O problema é que, já nesses primeiros anos, não havia sinais de que lá haveria uma metrópole. E parte disso se deve ao sucesso da ideia de Mendelsohn. O sociólogo/incorporador foi tão convincente ao vender a ideia que muita gente acreditou que aquele era o futuro, o que chamou a atenção de milhares de investidores do mercado imobiliário. Ao invés de atrair moradores que construiriam a nova cidade, ele atraiu especuladores que queriam esperar a valorização daquele espaço para revender.
A quantidade de consumidores finais foi muito pequena, e pouca gente apostou em uma nova vida no deserto. Com isso, não se criou uma dinâmica econômica em California City, que rapidamente saiu do imaginário dos californianos como a terra do futuro. O interesse nos espaços disponíveis caiu e os especuladores nunca conseguiram repassar seus terrenos para pessoas realmente interessadas em seguir na construção da metrópole.
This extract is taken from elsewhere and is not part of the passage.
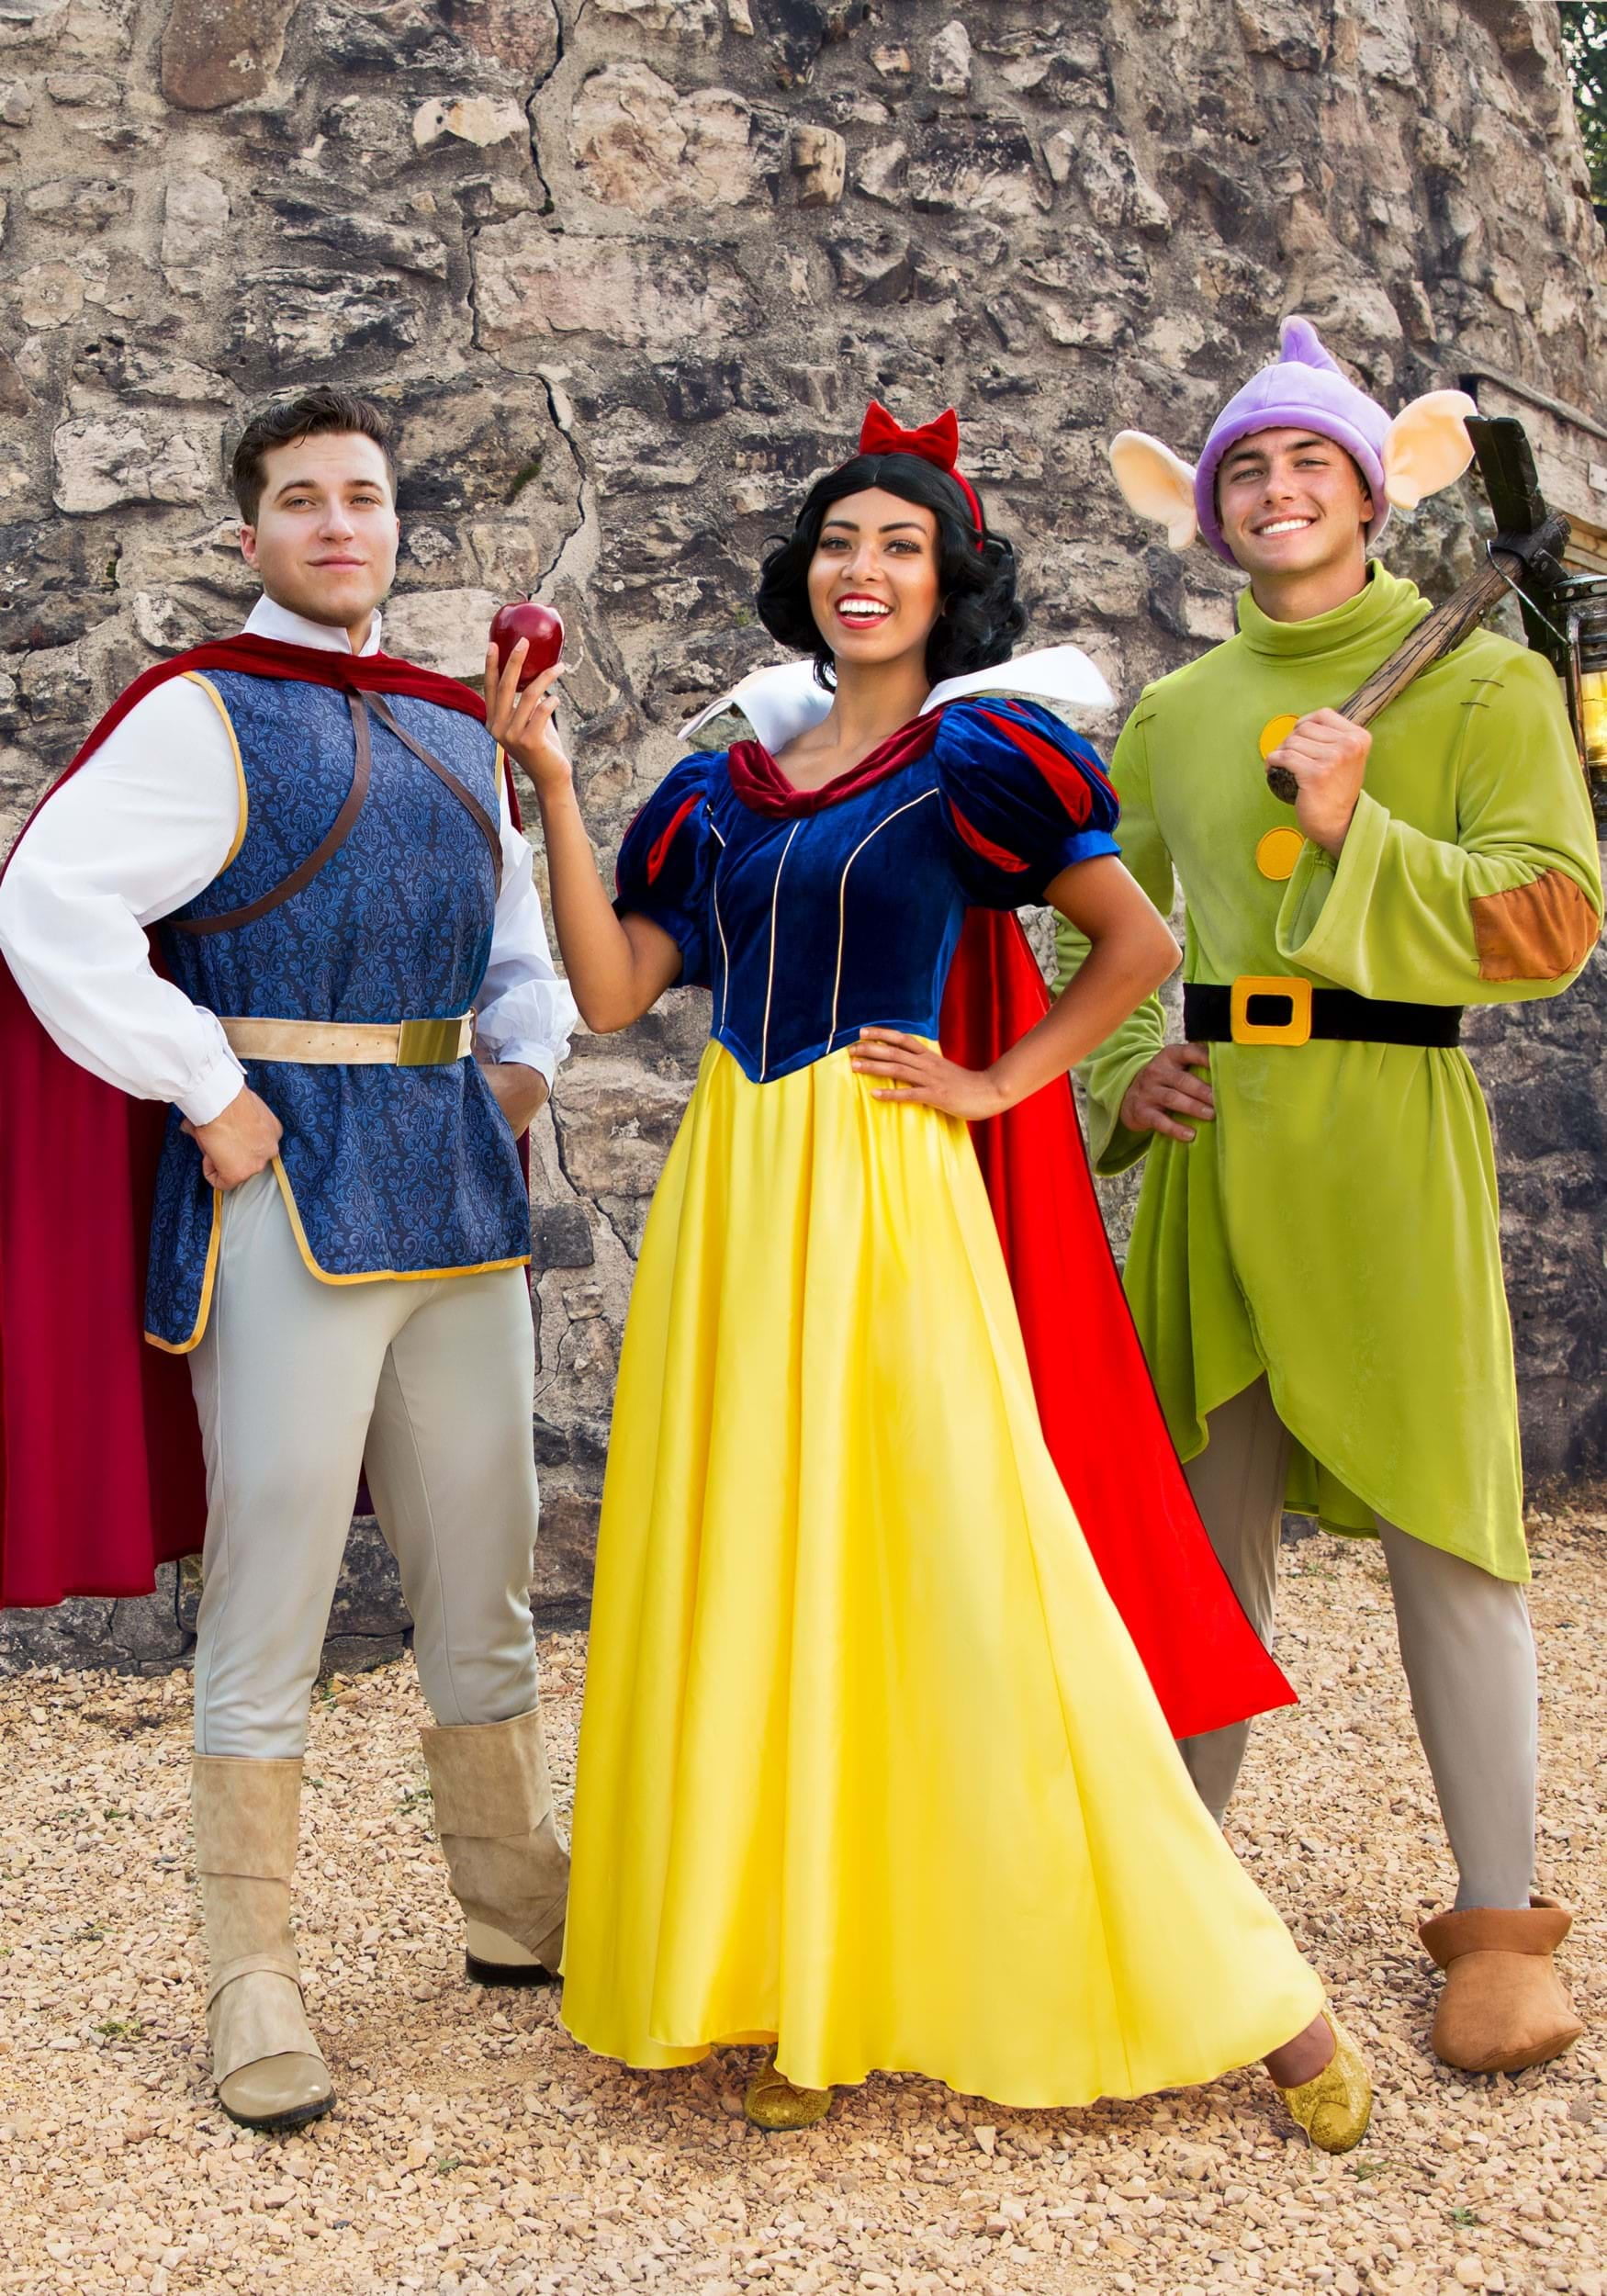 Adult Disney Snow White Dopey Costume 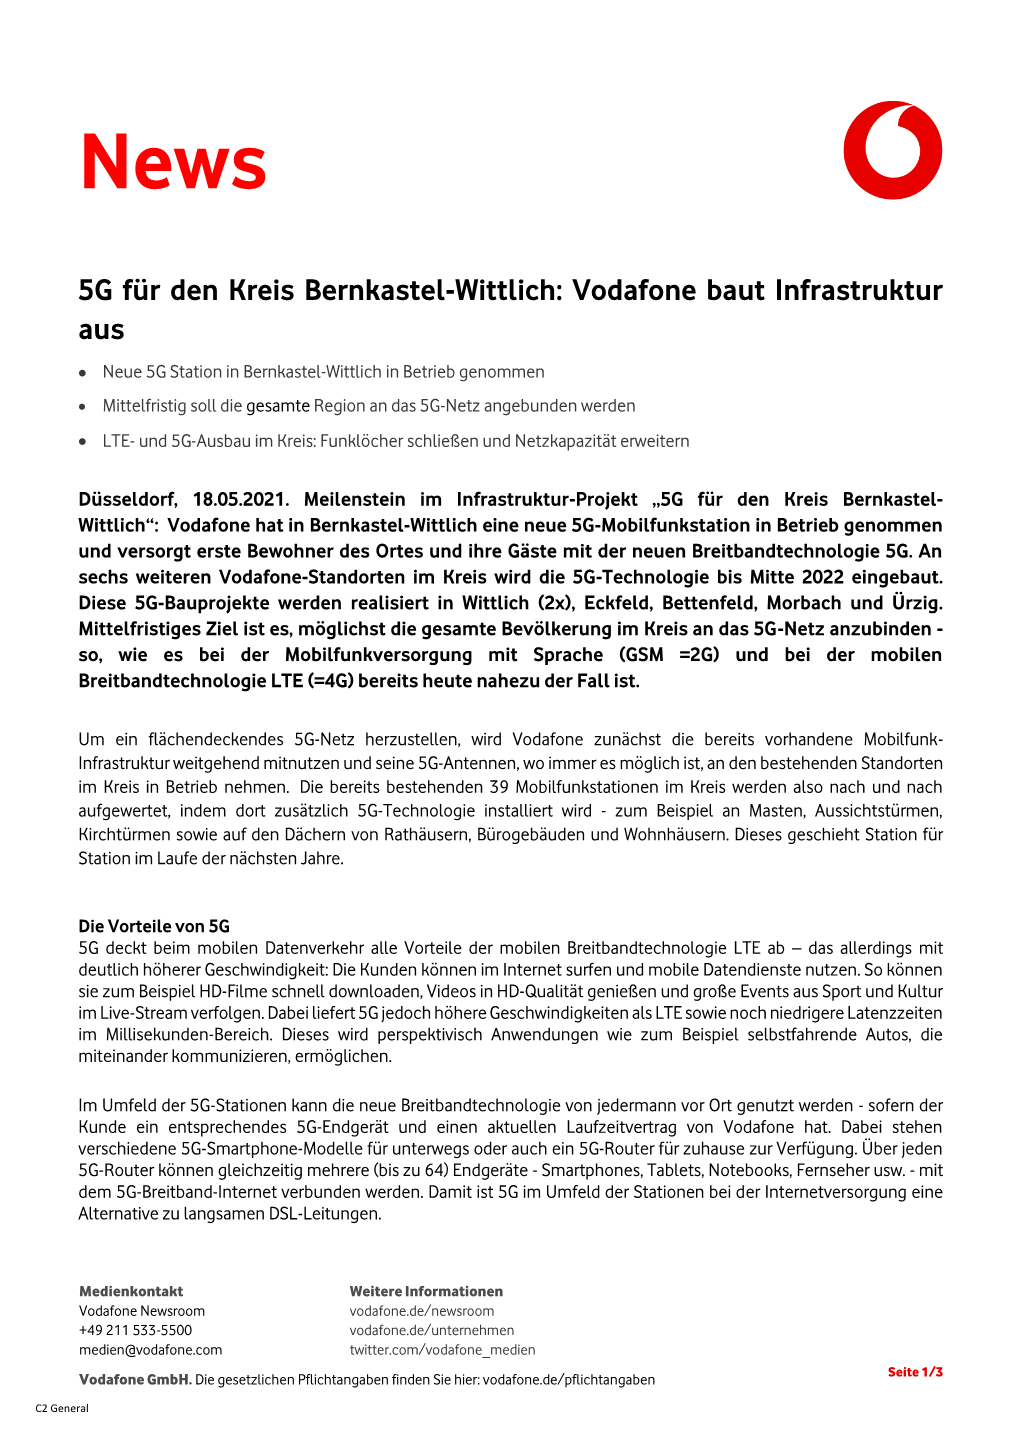 5G Für Den Kreis Bernkastel-Wittlich: Vodafone Baut Infrastruktur

Com os anos, esses investidores deixaram de pagar os impostos ligados a seus lotes e os terrenos foram devolvidos ao poder público. No entanto, toda a área que Mendelsohn havia planejado para abrigar a metrópole estava incorporada ao município que, por isso, é o terceiro maior em área de Califórnia, o 34º de todos os Estados Unidos.
O curioso é que a área não urbanizada preservou sua trama original, com avenidas e ruas de terra batida formando quarteirões e bairros no meio do deserto, tendo como únicos moradores pequenos animais e arbustos. São vias de tráfego oficiais, com leis de trânsito e endereço registrado na prefeitura, mas apenas curiosos circulam por elas.
Atualmente, California City até vive um momento de relativa estabilidade. A cidade tem 14 mil habitantes, que vivem principalmente das quatro grandes fontes de emprego da região: uma base da Força Aérea americana, um presídio estadual, uma pista de testes da montadora Kia e um aero e espaçoporto particular. É o suficiente. Seus moradores já se acostumaram à vida de uma bucólica cidade de interior no meio do deserto, e, mais do que o glamour, materializar o sonho de Mendelsohn e dos primeiros habitantes talvez só trouxesse um problema insolúvel de abastecimento de água.